SOUND OFF: Addressing the health care crisis

Medicare, the federal health care program for older Americans, needs its own health care check up if Congress is going to maintain its commitment to our nation’s older Americans.

Seniors and health care providers delivered this basic message to me in a series of five town hall meetings and three health care roundtables I held in August 2001 and February 2002. Due to this direct input, I have developed a five point plan to address what I think is the number one health care priority facing our communities this decade: protecting Medicare and ensuring health care for older Americans.

The health care challenge Congress faces is clear. Washington state’s senior population grew 15 percent in the last decade and will represent 12 percent of the population in 2010. Seniors are living longer and more healthy lives as well.

Despite these clear facts, the Bush Administration budget shortchanges Medicare by nearly 20 percent over the next decade. The challenges facing our seniors are tough enough.

First, the current Medicare formula is unfair to Washington state seniors. Due to a basic formula that rewards inefficiency, the average Medicare reimbursement rates for physicians and Medicare+Choice plans in Washington are dramatically less than rates in other states. These dismal reimbursement rates lead not only to a decreasing choice of health care options, such as the diminishing Medicare+Choice plans in Washington, but also to a set of difficult choices for physicians: the decisions that lead to shutting off the practice to new Medicare patients.

The growing provider shortage is the second greatest health care related challenge facing seniors. Both physician networks in Bellingham have now stopped taking new Medicare patients because the cost of care is not even covered by the low Medicare reimbursements. As one doctor put it, Medicare is in danger of becoming charity care.

One hospital administrator told me that the low reimbursements would not be so bad if the regulations weren’t so onerous. Medicare regulations divert health care providers from providing health care. At one clinic in the area, 47 percent of staff time is spent on paperwork. Regulations are strangling seniors’ health care.

The combination of low reimbursements, lack of providers, and stifling regulations have led me to one conclusion: Medicare needs a serious health care checkup.

I propose five concrete steps to help protect Medicare.

FIRST: The Bush Administration unfortunately does not propose helping physicians whose Medicare payments were cut by 5.4 percent this year. These cuts will devastate doctors’ ability to provide quality care to seniors. Many in Congress are committed to fixing this problem, but the Administration’s budget leaves no room for any solution. Instead, the Bush Administration proposes taking money from other Medicare providers - simply shifting the problem not solving it. I will work closely with my colleagues here in Congress to restore this 5.4 percent cut to physicians.
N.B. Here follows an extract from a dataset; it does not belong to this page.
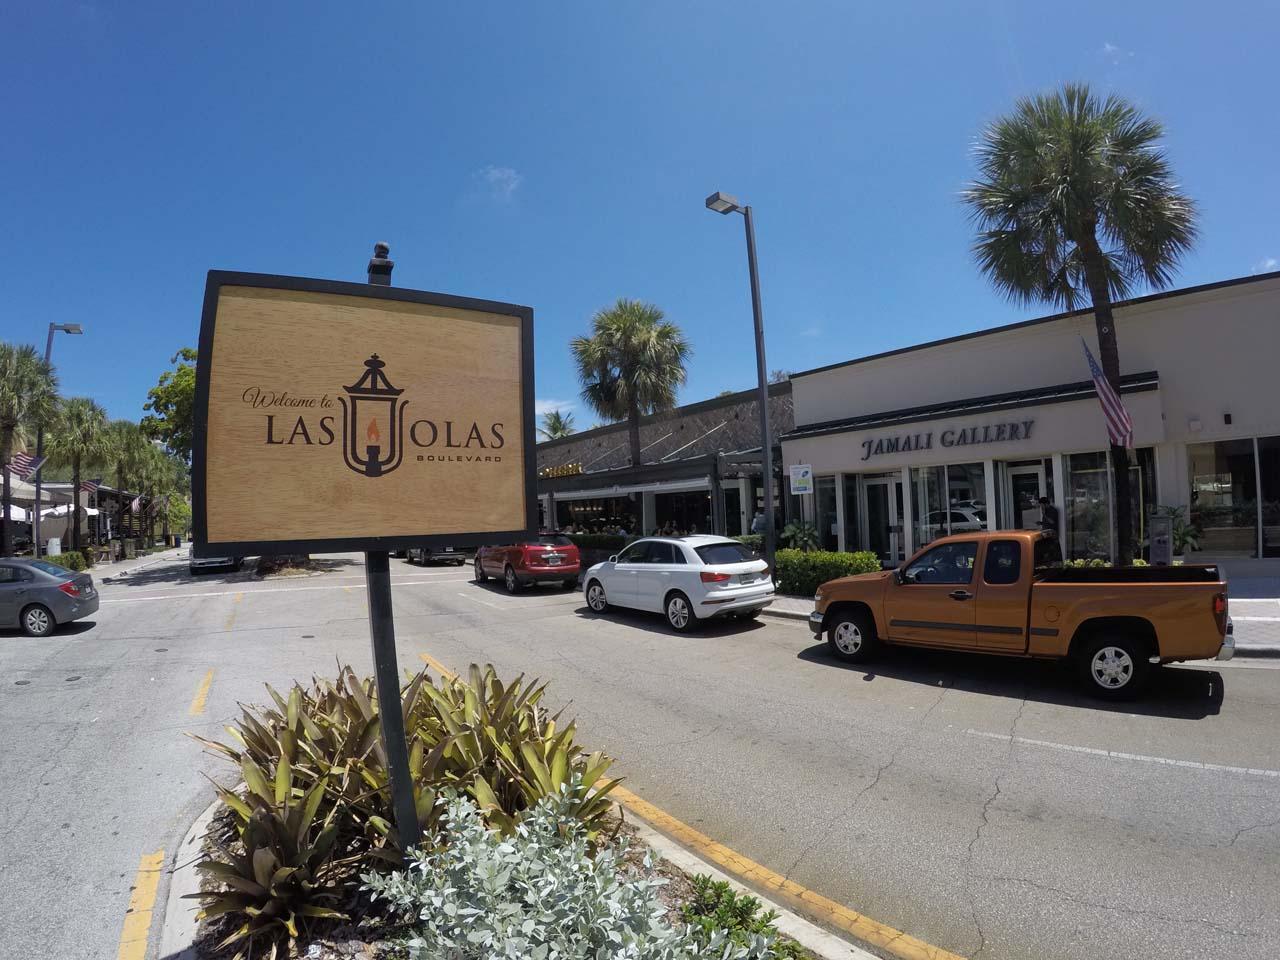 Las Olas em Fort Lauderdale

SECOND: I have co-sponsored the bipartisan Medicare Access and Equity Act of 2001 to return long-term fairness to reimbursement rates. Passage of this important legislation will bring more money to Washington state and provide greater access for seniors to the health care services they need. I am also rejuvenating the Fairness Caucus to bring together the collective political muscle of counties that have chronically low reimbursement rates.

THIRD: Congress should recognize the regulatory burden under which physicians do their job by passing HR 868, the Medicare Education and Regulatory Fairness Act and HR 3391, the Medicare Regulatory and Contracting Reform Act. Both pieces of legislation will go a long way towards decreasing Medicare regulations and provide flexibility to Medicare administrators in helping hospitals and physicians to provide care to seniors.

FOURTH: The provider shortage extends beyond just physicians. The country faces a severe nursing shortage and gaps in the availability in other health care workers. Both chambers have passed a version of the Nursing Reinvestment Act, a bill designed to increase the number of nursing faculty and create scholarship incentives to bring more people into the nursing profession.

FIFTH: A prescription drug benefit for all seniors continues to be a priority. Seniors are choosing between paying for food and paying for medications. That is wrong. A prescription drug benefit in Medicare must be combined with the triple effort to make generic prescription drugs more available in the market, encourage research into the next generation of medications that help meet seniors’ health care needs, and speed the drug approval process.

Protecting Medicare requires that it get its own health plan so that this critical program is available in the future for seniors. Despite its problems, Medicare will continue to be the primary source of health care for older Americans. Congress must act to protect and strengthen Medicare to keep the country’s commitment to seniors’ health.

Rick Larsen, a Democrat, represents the Second Congressional District in the U.S. Congress.